Hay dos cosas que hacen que el día de hoy sea algo menos intimidante. La primera es que, como todo Aventador, el SVJ es de tracción a las cuatro ruedas, y la segunda es que sus enormes llantas de delicados radios y 20 y 21 pulgadas están calzadas con neumáticos Pirelli Sottozero de invierno, lo cual debería venir bien en estas carreteras, a pesar de capar bastante el potencial dinámico del SVJ en comparación con un juego de gomas Trofeo R en un caluroso día del mes de julio. A pesar de todo, aquí se trata de conducir; de dejar atrás la claustrofobia de Londres y el ostentoso culto a los superdeportivos para averiguar de qué está hecho realmente el SVJ.

Estamos conduciendo hacia el oeste, y estas carreteras que atraviesan la parte sur-central de Escocia son benévolas con el SVJ, siendo las líneas divisorias centrales una garantía visual de que no tendremos que preocuparnos por zonas demasiado estrechas. Las capacidades y diferentes facetas de las prestaciones del V12 recuerdan a un enorme instrumento musical, quizá como el órgano de una catedral. Hay mucha potencia –y volumen– disponible, pero es probable que no vayas a tope desde el principio.

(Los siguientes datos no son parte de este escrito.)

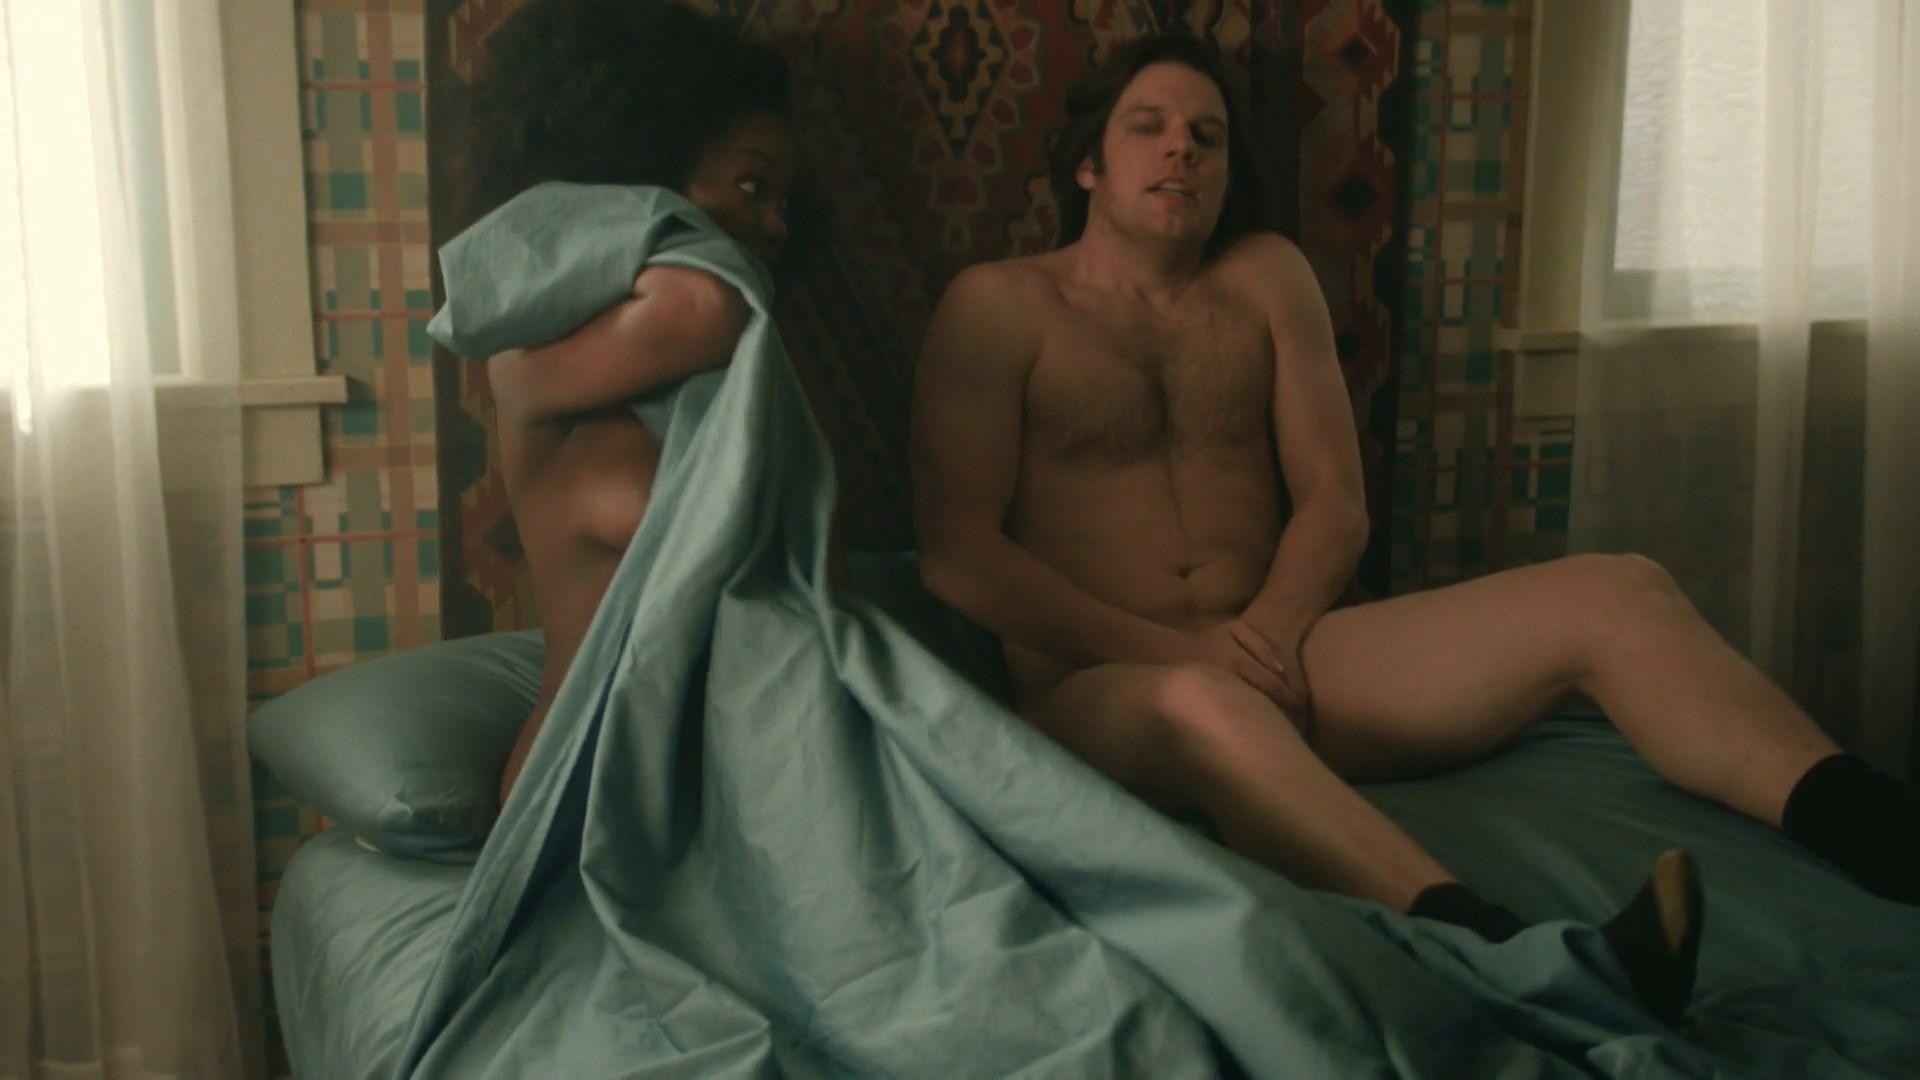 Xosha roquemore nude

Aunque con las recientes mejoras empuja desde muy bajas vueltas, es entre 3.000 y 4.000 revoluciones donde realmente empieza lo bueno. Hay una gran franja de par motor disponible acompañada de un irritante pero genial aullido mecánico que suena como dos BMW M3 CSL (E46) en estéreo. Juega dentro de esta franja y el SVJ recorre terreno con natural e imperiosa facilidad, pero aun así es como si tocáramos el citado órgano con la sordina pisada: todavía quedan casi 5.000 rpm que añadir a la orquesta.

Muy pronto las implicaciones de acceder a los 770 CV empiezan a concretarse en la mente. Es obvio que va a ser un momento de obscenas sensaciones físicas, urgencia mecánica e intimidante volumen, seguido casi de inmediato de una drástica autocensura. Como sospechaba, no puedes prepararte verdaderamente para las sensaciones de fuerza y velocidad que el aligerado SVJ ofrece en carreteras secundarias. No te mentiré; los neumáticos de invierno se ponen a la defensiva en cada curva.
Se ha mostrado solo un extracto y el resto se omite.